Case of Pneumocystis Pneumonia after High-Dose Chemotherapy with Autologous Hematopoietic Transplantation

V.O. Sarzhevskii1, V.Ya. Melnichenk1, D.S. Kolesnikova1, O.Yu. Bronov1, V.M. Sotnikov2, N.N. Smoltsova2

1 N.I. Pirogov National Medical and Surgical Centre under the Ministry of Health of the Russian Federation, 70 Nizhnyaya Pervomaiskaya str., Moscow, Russian Federation, 105203

2 Russian Scientific Center of Roentgenoradiology under the Ministry of Health of the Russian Federation, 86 Profsoyuznaya str., Moscow, Russian Federation, 117997

For correspondence: V.O. Sarzhevskii, PhD, Associate Professor, 70 Nizhnyaya Pervomaiskaya str., Moscow, Russian Federation, 105203; Tel: +7(495)603-72-18; e-mail: vladsar@pochta.ru

For citation: Sarzhevskii V.O., Mel’nichenko V.Ya., Kolesnikova D.S., Bronov O.Yu., Sotnikov V.M., Smol’tsova N.N. Case of Pneumocystis Pneumonia after High-Dose Chemotherapy with Autologous Hematopoietic Stem Cell Transplantation.
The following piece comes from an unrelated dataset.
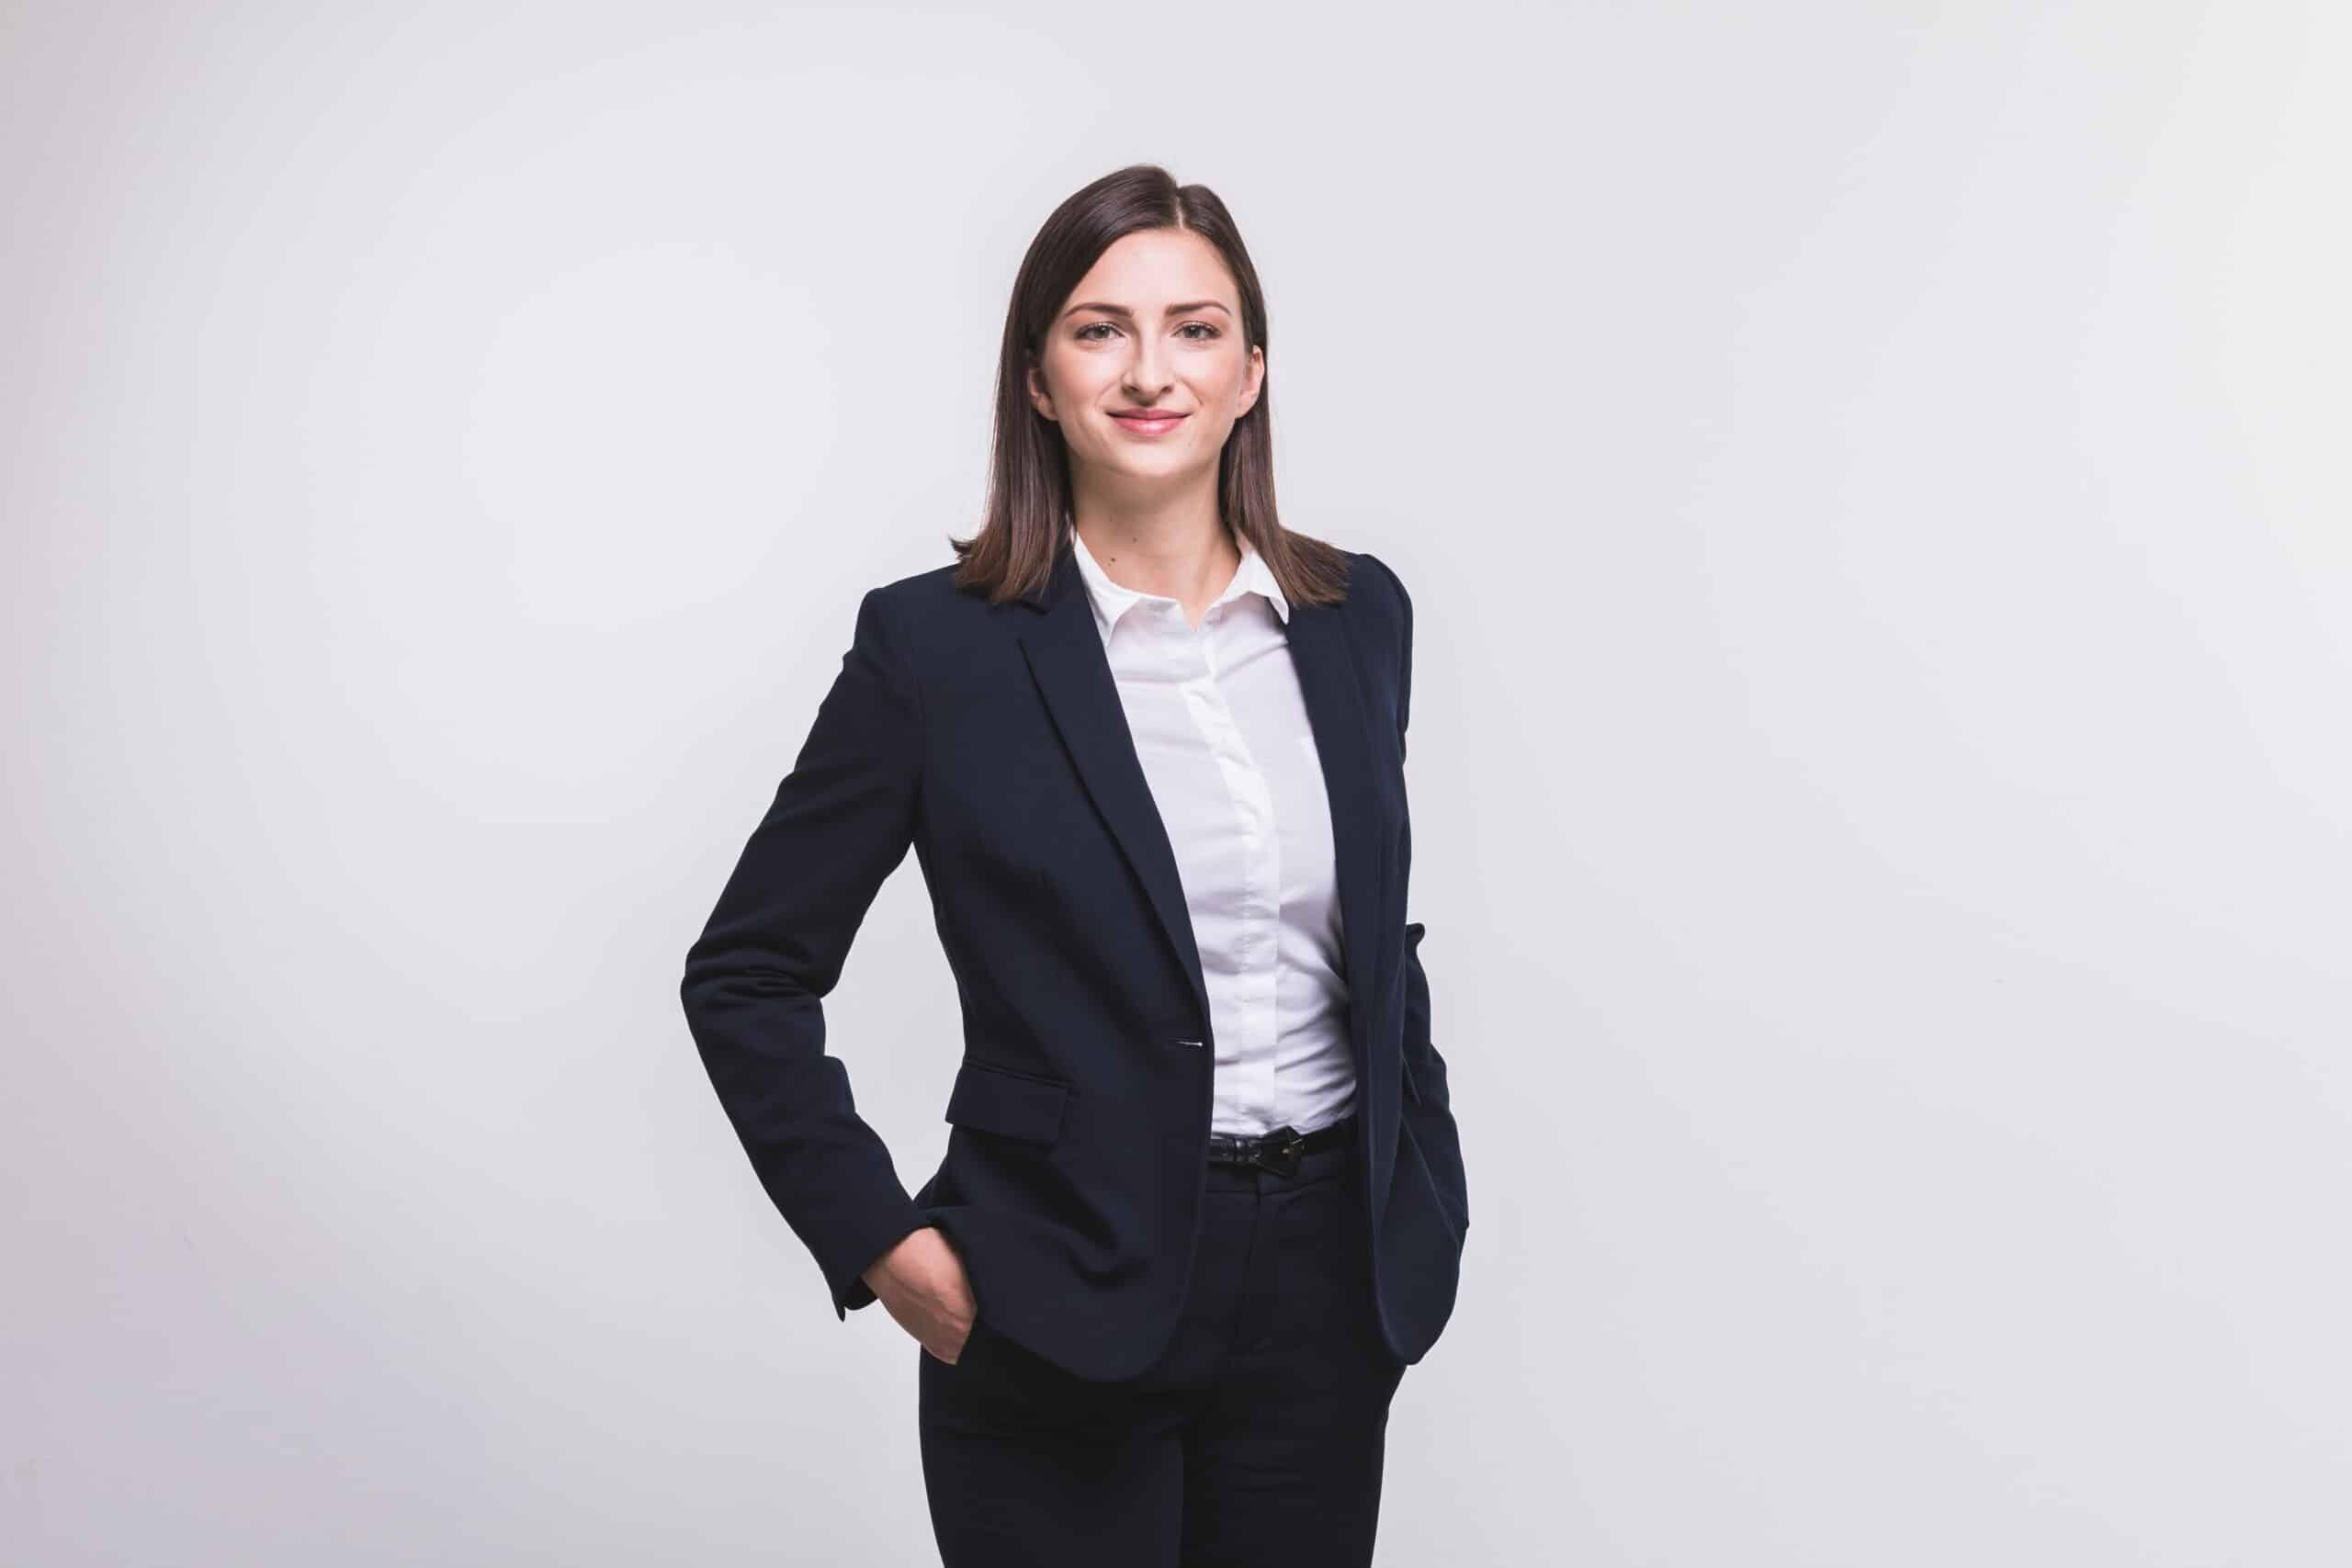 Theresa Prinz

Klin. Onkogematol. 2014; 7(4): 583–586 (In Russ.).


ABSTRACT

Pneumocystis pneumonia is a rare complication of a high-dose chemotherapy and autologous bone marrow/peripheral hematopoietic stem cells transplantation in patients with hematological malignances. The absence of typical clinical symptoms and the probability of a lethal outcome require a special approach to this problem. A brief review of literature and presented clinical case give an idea of clinical manifestations, course, diagnostic approaches, prevention, and treatment of pneumocystis pneumonia in this category of patients.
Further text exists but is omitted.